回到營地,兩人和部隊管思想工作的同志一起,坐車去看守所。
看守所銅墻鐵壁,跟在老蘇身邊往里走,坐到接待室。
門被打開,趙愛琴銬著手銬,低著頭從外頭進來,不過就是短短的時間里,原本高貴嫵媚有風韻且不見皺紋的臉,現在已經憔悴不堪,說老了十歲,肯定是說少了,原本四十出頭,像是三十出頭地年紀,現在看上去像是五十歲往上了。

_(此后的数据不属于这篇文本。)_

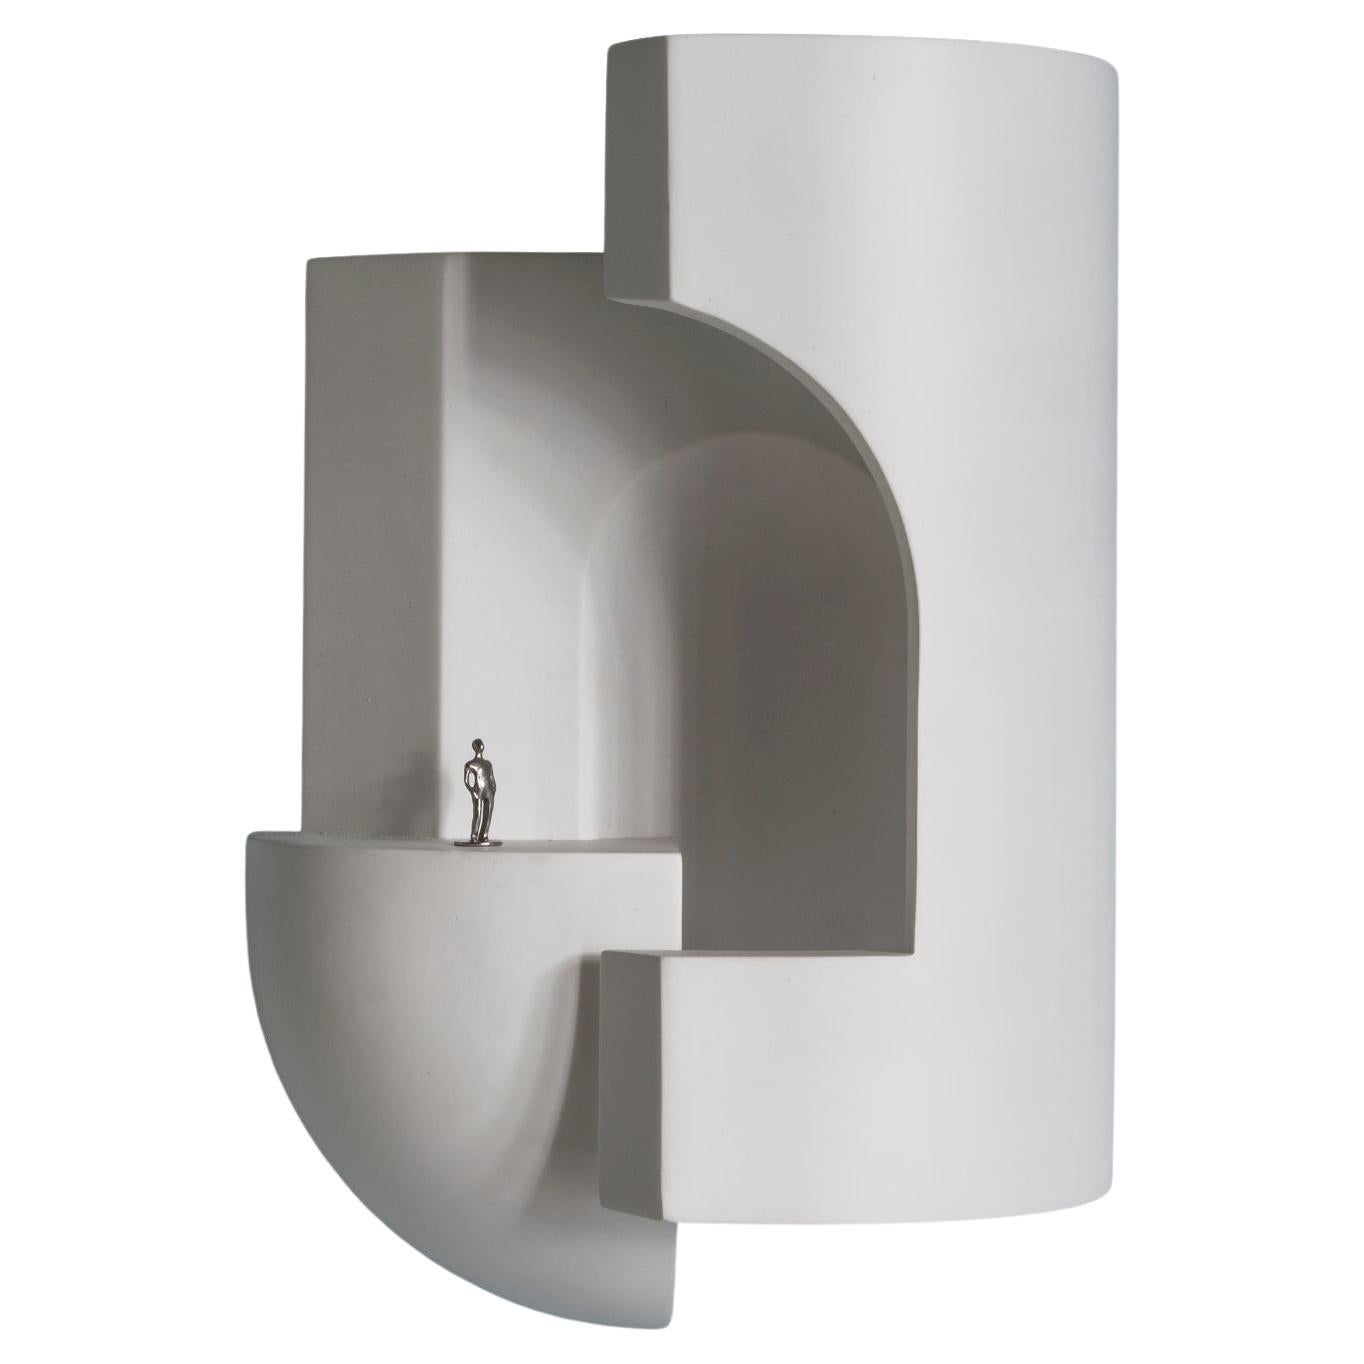 DCW Editions Soul Story 2 Wall Lamp in White Plaster by Charles Kalpakian For Sale

雙眼浮腫,嘴唇干裂,整個人如同失去了水分的橘子,看著她坐下,部隊的同志拿出了文件,放在蘇康達面前,蘇康達拿起鋼筆簽下了自己的名字,推給趙愛琴,趙愛琴低頭看著這一張紙,眼淚不停地落下,打濕了這張紙。
蘇康達嘆息一聲,看向部隊的兩位同志說:“你們能不能出去一下,讓我們父女單獨和她說兩句?”
兩位同志出去,蘇康達聲音有些異樣:“簽吧!為了弘毅和弘民。”
趙愛琴抬頭,眼淚掛在雙腮:“蘇康達,我跟了你二十年,你怎么能心這么狠?把我往死路上逼?這些年,我對你不夠好嗎?我為了這個家做得還不夠嗎?”
蘇翎托腮撐在桌子上,挑著唇,嘴角掛著諷刺的笑容。
趙愛琴側過頭,看著的蘇翎:“阿翎,為什么要害媽媽?你來找我,你就知道媽媽是多么愛你,這些年一直被心里的內疚所困擾,見到你活著,你不知道我有多高興?我多么希望能以后的日子里和你在一起?我會幫你把身份換過來,我會愛你疼你,你為什么一定要把事情弄到今天這個地步?讓媽坐牢,你真的心安理得嗎?你有沒有心?”
“你找我來就想問我這句話?”蘇翎笑著問,“我只想說,你有今天,關我屁事兒?送你一句話,天作孽猶可恕,自作孽不可活。”
蘇翎看了一眼自己的手:“如果去勞改,看見紀弘偉告訴他一聲,鄭茜打掉了他們的孩子,她恨透了他。”
“你說什么?”趙愛琴抬頭看著她。
“我說,你讓紀弘偉來把我拿下的時候,他已經跟鄭茜發生了關系,鄭
茜肚子里已經有了他的孩子。本來如果按照我第一次的建議,你幫我把身份改過來,你不要有那些惡心的招數,我們以后橋歸橋路歸路,紀弘偉娶了鄭茜,給你生了孫子。你還是過原來的日子,不好嗎?”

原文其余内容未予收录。